Kolokoltsev’s son bought his home from the wife of a businessman with possible connections to organized crime. He financed the purchase with money from another businessman who also has alleged mafia ties.
Alexander Kolokoltsev bought the Zarechye property from Liliya Kail, the wife of Lev Cherepov, who reportedly worked with Mikhail Cherny. In the 1990s, when he controlled much of the aluminum production in Russia, Cherny allegedly developed ties to organized crime. One of Cherny’s top managers from that era told Proekt that Cherepov was responsible for “driving officials to restaurants and bathhouses” and “sorting out what kind of kickbacks were needed.”
Kolokoltsev Jr.’s neighbors in Zarechye, it turns out, are relatives of the brothers Pavel and Valery Zadorin (Cherepov’s nephews with whom he founded the “Aromatnyi Mir” liquor store chain, according to Proekt’s investigation). Proekt also identified Pavel Zadorin as Vladimir Kolokoltsev’s longtime personal friend and determined that the interior minister acquired his Shevolkino retreat house (the same one to which his alleged sister-in-law fled Moscow’s lockdown) back in 2000.
In 2014, the Zadorins acquired the Selyatino Terminal, a major customs clearance facility outside Moscow for imported alcohol.
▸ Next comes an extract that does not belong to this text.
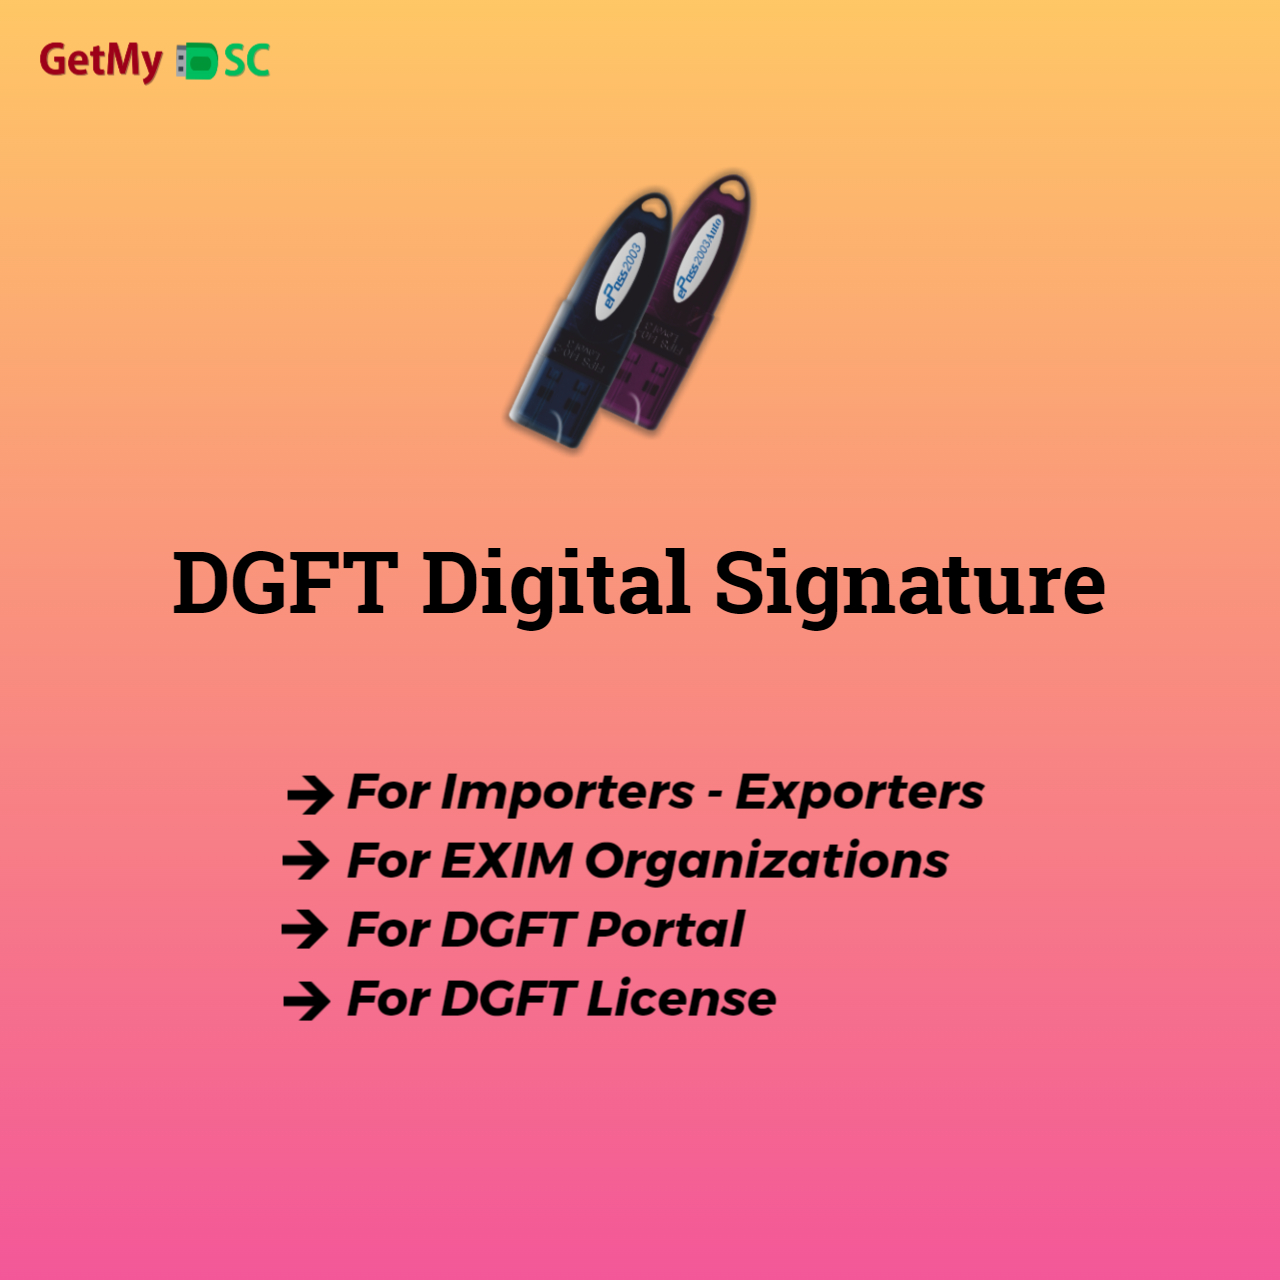 dgft-digital-signature

According to Proekt, Selyatino’s former owners only agreed to the sale under pressure from Igor Chuyan, then the head of Russia’s Alcohol Market Regulation Federal Service, whom sources identified as the Zadorins’ personal friend. In the negotiations to sell the Selyatino Terminal, Vladimir Kolokoltsev’s name apparently came up, too. “Chuyan said the shares were earmarked for the Zadorins, and Kolokoltsev was called their main backer,” a source told Proekt.
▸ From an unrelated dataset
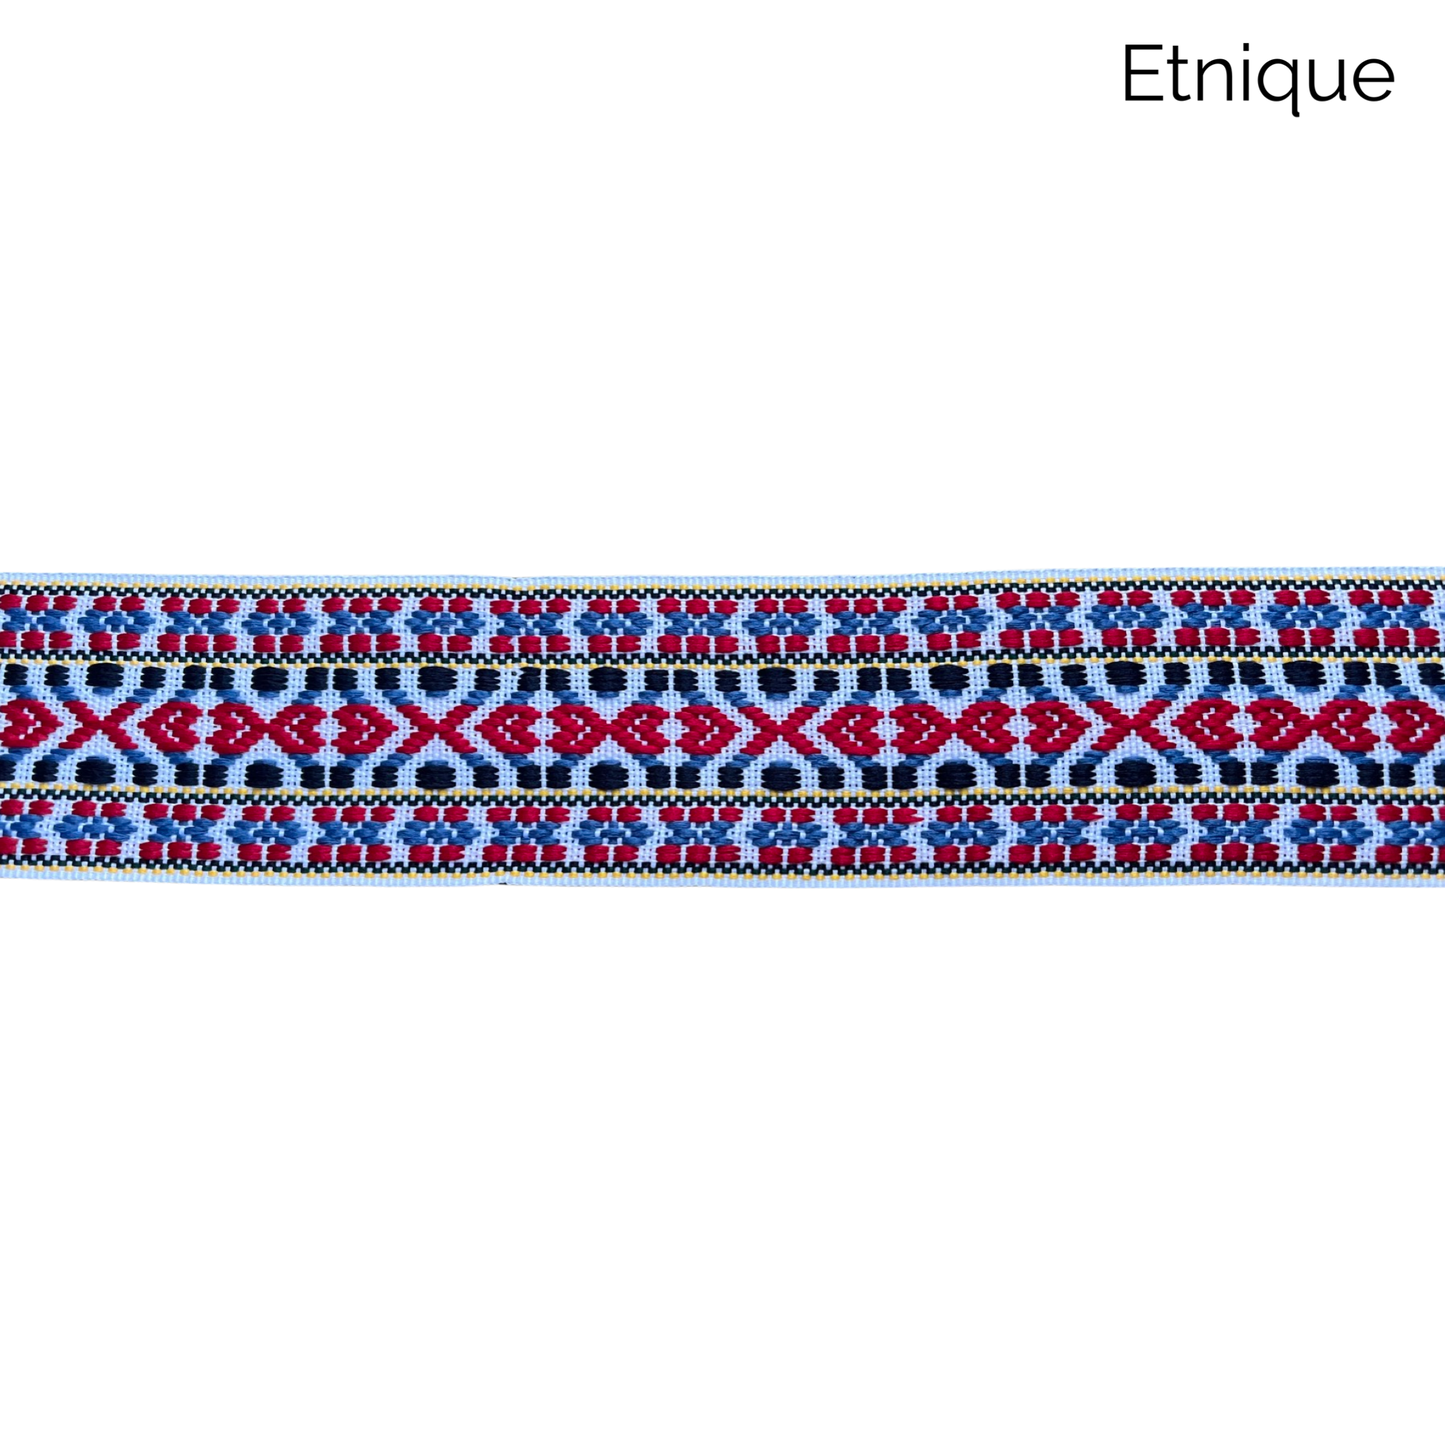 Wide braids - 4-5cm / €10.00

Several years earlier, Chuyan may have helped facilitate Kolokoltsev’s professional ascent. Not long before Kolokoltsev was hired to his current post, Chuyan asked one of his subordinates who’d served previously in the Interior Ministry to vouch for Kolokoltsev, a source told Proekt. At the time, Chuyan reportedly enjoyed the patronage of the billionaire Arkady Rotenberg, a close friend of Vladimir Putin who has major investments in Russia’s alcohol market. But Chuyan soon fell out of favor, and officials charged him with abuse of power in 2018. By that time, however, he’d already fled the country.
Proekt also learned that Alexander Kolokoltsev received monthly payments for at least seven years from the “Novko” company, which is co-owned by Oleg Sheikhametov, the founder of the “Yakitoriya” restaurant chain. In 2018, the newspaper Kommersant reported that Sheikhametov was one of the businessmen who collected money for bribes to federal investigators in 2016 in a failed bid to secure the release of the jailed mobster Andrey Kochuikov, a known associate of the mafia boss Zakhary Kalashov (nicknamed “Young Shakro”). Kolokoltsev Jr.’s role at Sheikhametov’s company remains unknown.
Spokespeople for Russia’s Interior Ministry declined to comment on the wealth of Vladimir Kolokoltsev’s relatives or their apparent connections to members of the mafia. “The minister’s son is an adult and a successful businessman,” Irina Volk told Proekt. “His business practices are completely independent. He is not a police officer and his business ventures are not connected to Russia’s Interior Ministry.”